Stored data entries
=-=-=
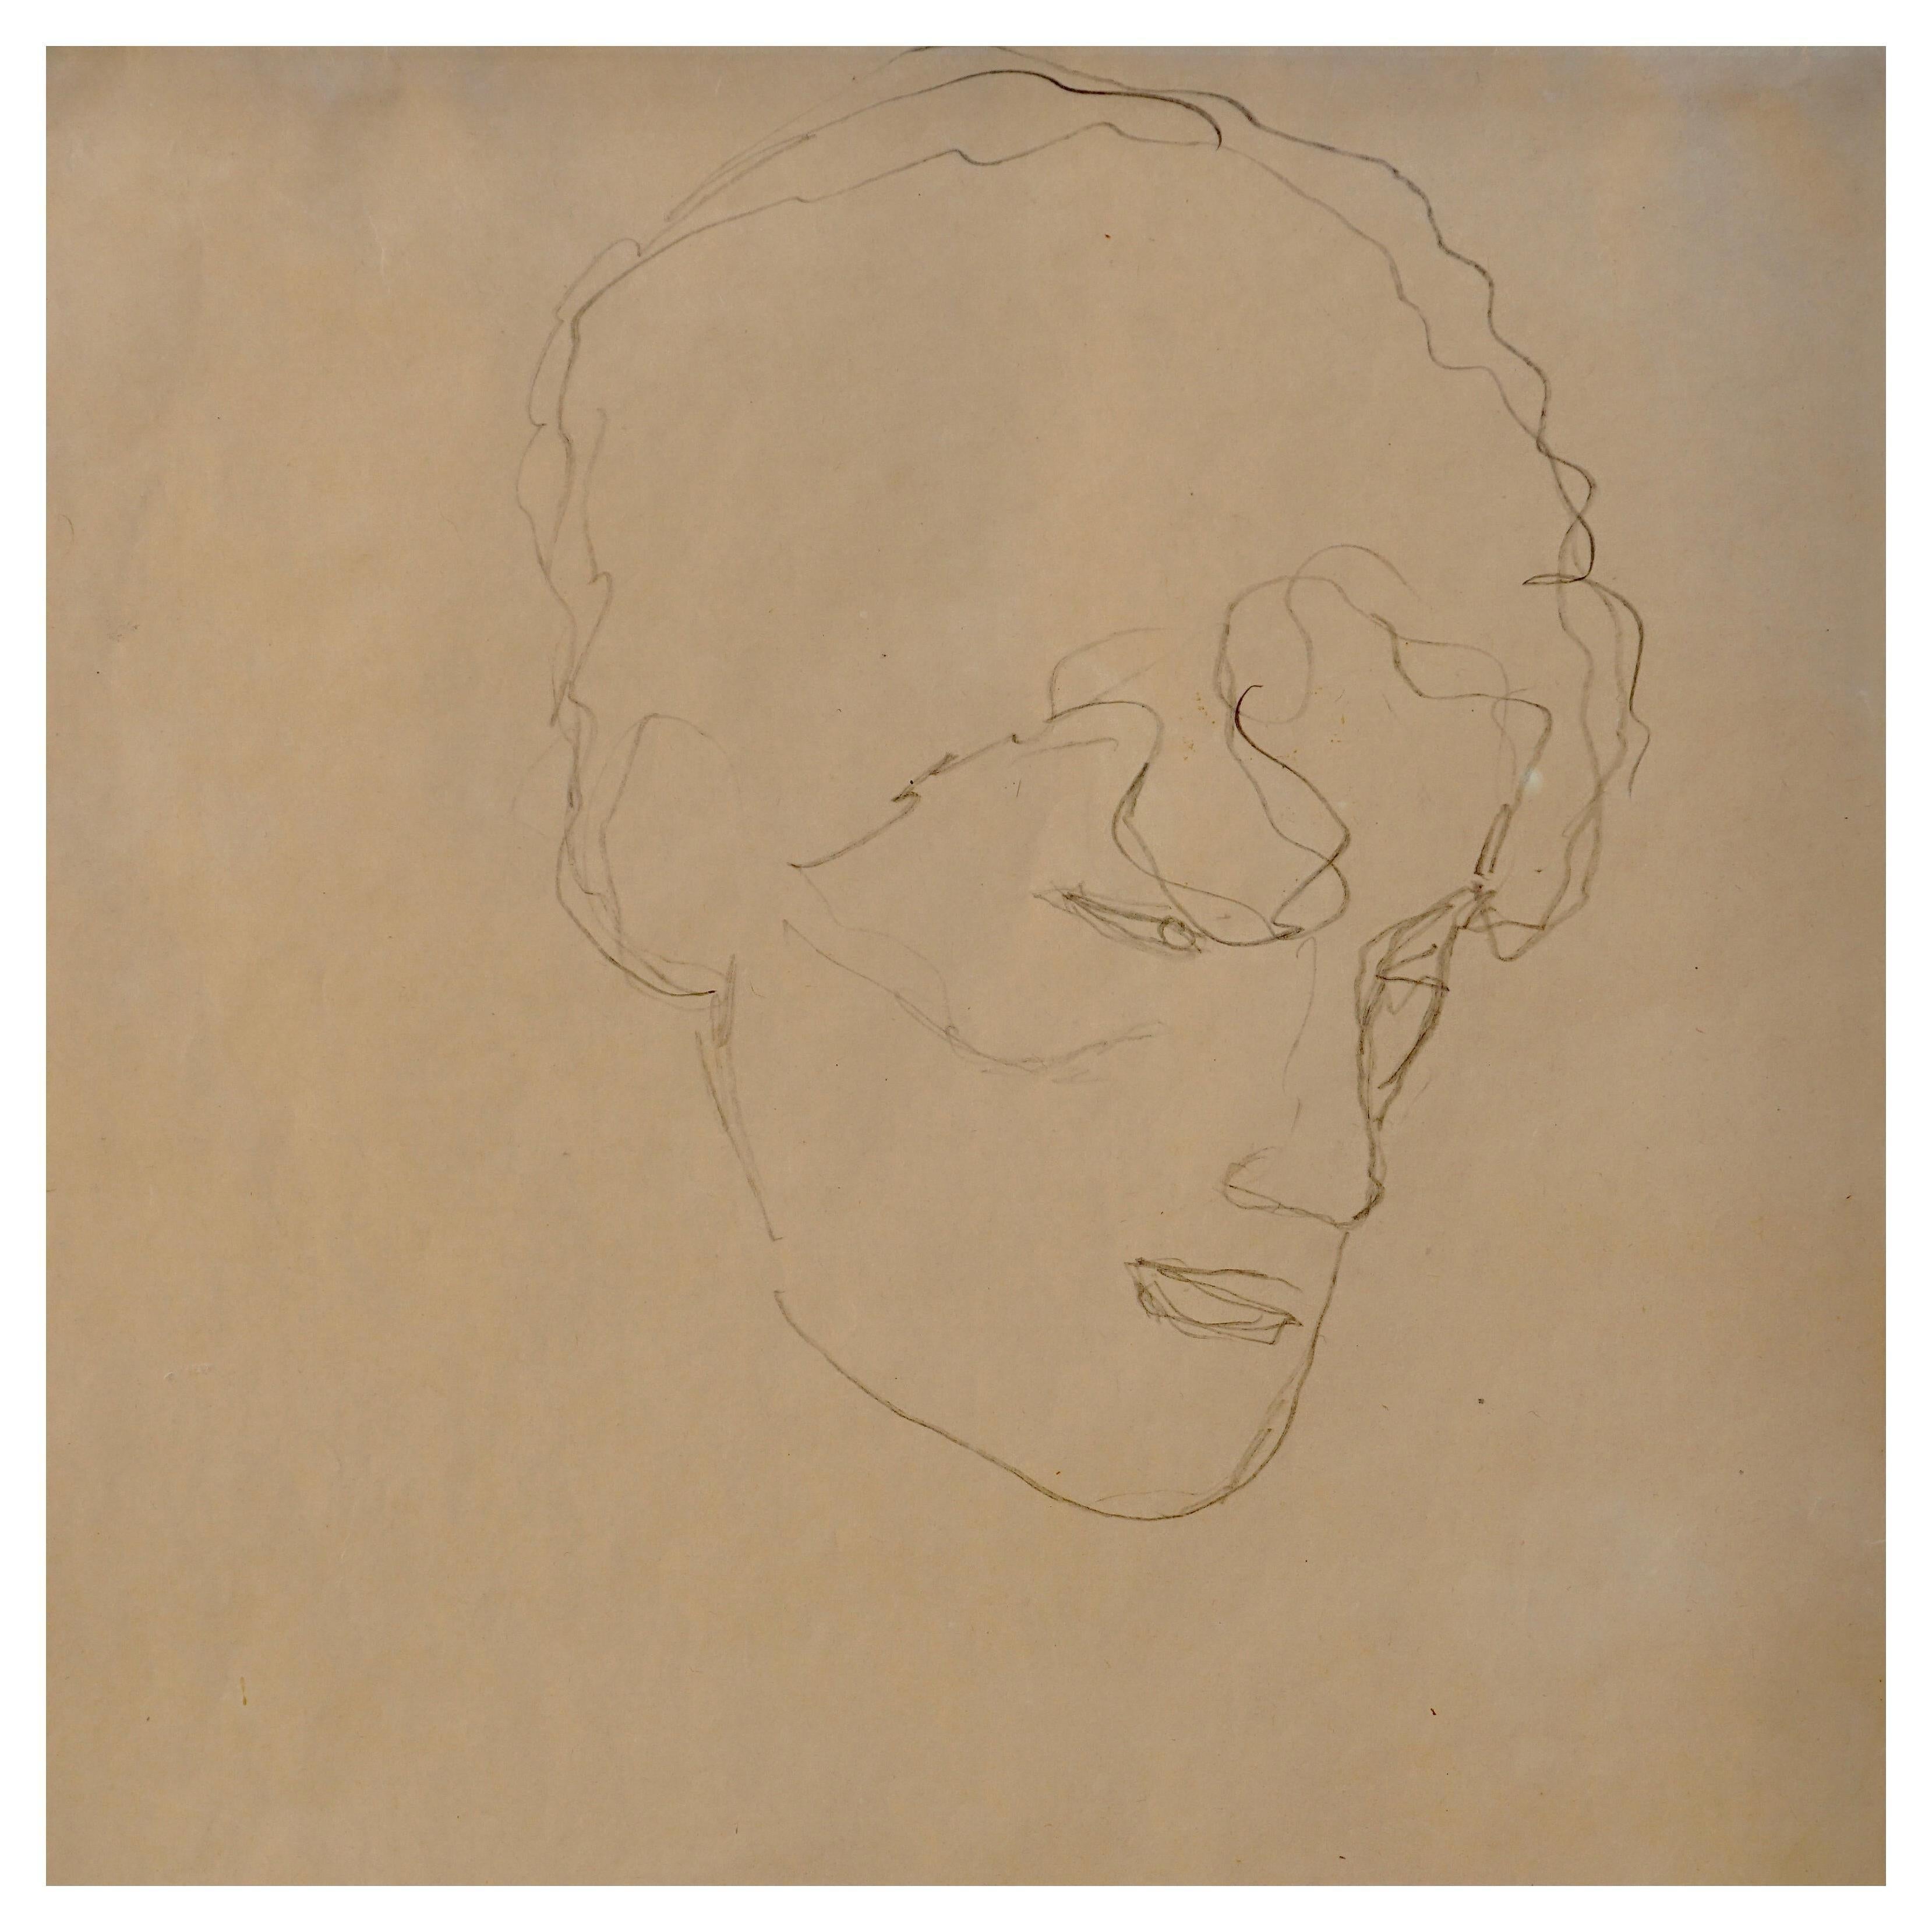 Gustav Klimt (Austrian, 1862-1918)
Frauenkopf nach rechts, 1916
Pencil on paper
Dimensions: 22.5 x 14.75 Inches (57.2 x 37.5 cm) (sheet)
Stamped lower right: GUSTAV / KLIMT / NACHLASS
A rare opportunity to own a Gustav Klimt 

Provenance:
Estate of
=-=-=
## Problem to solve
Write out every line above exactly as it is, leaving out the pictures.

## Response to this task
 Gustav Klimt (Austrian, 1862-1918)
Frauenkopf nach rechts, 1916
Pencil on paper
Dimensions: 22.5 x 14.75 Inches (57.2 x 37.5 cm) (sheet)
Stamped lower right: GUSTAV / KLIMT / NACHLASS
A rare opportunity to own a Gustav Klimt 

Provenance:
Estate of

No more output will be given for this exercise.